YOUR INSTRUCTIONS >>
Output nothing but the lines from the first line of the entries to the line with "Peinture à l'huile", inclusive, exactly as they read.

Extracted records >>

* * * * * * * * *

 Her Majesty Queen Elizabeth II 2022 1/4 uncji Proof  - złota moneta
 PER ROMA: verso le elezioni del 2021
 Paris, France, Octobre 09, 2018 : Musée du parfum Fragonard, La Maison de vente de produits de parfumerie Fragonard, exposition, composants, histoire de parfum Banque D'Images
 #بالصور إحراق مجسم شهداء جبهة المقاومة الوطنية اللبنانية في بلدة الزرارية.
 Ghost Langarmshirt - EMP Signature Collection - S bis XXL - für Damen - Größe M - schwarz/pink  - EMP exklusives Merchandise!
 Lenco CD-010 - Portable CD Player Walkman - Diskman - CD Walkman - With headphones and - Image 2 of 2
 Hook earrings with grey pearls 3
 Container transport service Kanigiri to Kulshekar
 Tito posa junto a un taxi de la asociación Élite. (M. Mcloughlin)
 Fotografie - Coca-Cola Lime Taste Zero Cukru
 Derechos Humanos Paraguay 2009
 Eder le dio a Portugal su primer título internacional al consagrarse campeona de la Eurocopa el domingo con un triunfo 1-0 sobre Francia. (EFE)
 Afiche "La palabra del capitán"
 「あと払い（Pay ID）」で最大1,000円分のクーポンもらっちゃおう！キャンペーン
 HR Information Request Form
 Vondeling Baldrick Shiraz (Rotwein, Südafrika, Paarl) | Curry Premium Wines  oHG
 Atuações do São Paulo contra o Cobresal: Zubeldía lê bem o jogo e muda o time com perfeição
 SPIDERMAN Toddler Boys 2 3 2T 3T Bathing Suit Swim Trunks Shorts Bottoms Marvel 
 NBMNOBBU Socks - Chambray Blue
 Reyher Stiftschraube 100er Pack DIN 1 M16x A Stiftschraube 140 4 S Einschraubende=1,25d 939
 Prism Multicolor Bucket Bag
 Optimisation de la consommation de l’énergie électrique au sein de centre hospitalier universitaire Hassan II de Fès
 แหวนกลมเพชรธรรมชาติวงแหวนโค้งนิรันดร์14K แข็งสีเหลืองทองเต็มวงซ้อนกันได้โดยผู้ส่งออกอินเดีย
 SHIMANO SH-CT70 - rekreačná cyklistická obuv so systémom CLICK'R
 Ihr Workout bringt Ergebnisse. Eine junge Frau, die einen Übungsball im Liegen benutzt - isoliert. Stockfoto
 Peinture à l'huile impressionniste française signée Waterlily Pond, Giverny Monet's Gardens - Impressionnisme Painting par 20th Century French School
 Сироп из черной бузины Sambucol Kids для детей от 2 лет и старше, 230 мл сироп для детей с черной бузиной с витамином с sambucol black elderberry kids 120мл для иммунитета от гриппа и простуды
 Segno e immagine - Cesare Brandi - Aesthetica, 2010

* * * * * * * * *

SOLVED EXERCISE >>
 Her Majesty Queen Elizabeth II 2022 1/4 uncji Proof  - złota moneta
 PER ROMA: verso le elezioni del 2021
 Paris, France, Octobre 09, 2018 : Musée du parfum Fragonard, La Maison de vente de produits de parfumerie Fragonard, exposition, composants, histoire de parfum Banque D'Images
 #بالصور إحراق مجسم شهداء جبهة المقاومة الوطنية اللبنانية في بلدة الزرارية.
 Ghost Langarmshirt - EMP Signature Collection - S bis XXL - für Damen - Größe M - schwarz/pink  - EMP exklusives Merchandise!
 Lenco CD-010 - Portable CD Player Walkman - Diskman - CD Walkman - With headphones and - Image 2 of 2
 Hook earrings with grey pearls 3
 Container transport service Kanigiri to Kulshekar
 Tito posa junto a un taxi de la asociación Élite. (M. Mcloughlin)
 Fotografie - Coca-Cola Lime Taste Zero Cukru
 Derechos Humanos Paraguay 2009
 Eder le dio a Portugal su primer título internacional al consagrarse campeona de la Eurocopa el domingo con un triunfo 1-0 sobre Francia. (EFE)
 Afiche "La palabra del capitán"
 「あと払い（Pay ID）」で最大1,000円分のクーポンもらっちゃおう！キャンペーン
 HR Information Request Form
 Vondeling Baldrick Shiraz (Rotwein, Südafrika, Paarl) | Curry Premium Wines  oHG
 Atuações do São Paulo contra o Cobresal: Zubeldía lê bem o jogo e muda o time com perfeição
 SPIDERMAN Toddler Boys 2 3 2T 3T Bathing Suit Swim Trunks Shorts Bottoms Marvel 
 NBMNOBBU Socks - Chambray Blue
 Reyher Stiftschraube 100er Pack DIN 1 M16x A Stiftschraube 140 4 S Einschraubende=1,25d 939
 Prism Multicolor Bucket Bag
 Optimisation de la consommation de l’énergie électrique au sein de centre hospitalier universitaire Hassan II de Fès
 แหวนกลมเพชรธรรมชาติวงแหวนโค้งนิรันดร์14K แข็งสีเหลืองทองเต็มวงซ้อนกันได้โดยผู้ส่งออกอินเดีย
 SHIMANO SH-CT70 - rekreačná cyklistická obuv so systémom CLICK'R
 Ihr Workout bringt Ergebnisse. Eine junge Frau, die einen Übungsball im Liegen benutzt - isoliert. Stockfoto
 Peinture à l'huile impressionniste française signée Waterlily Pond, Giverny Monet's Gardens - Impressionnisme Painting par 20th Century French School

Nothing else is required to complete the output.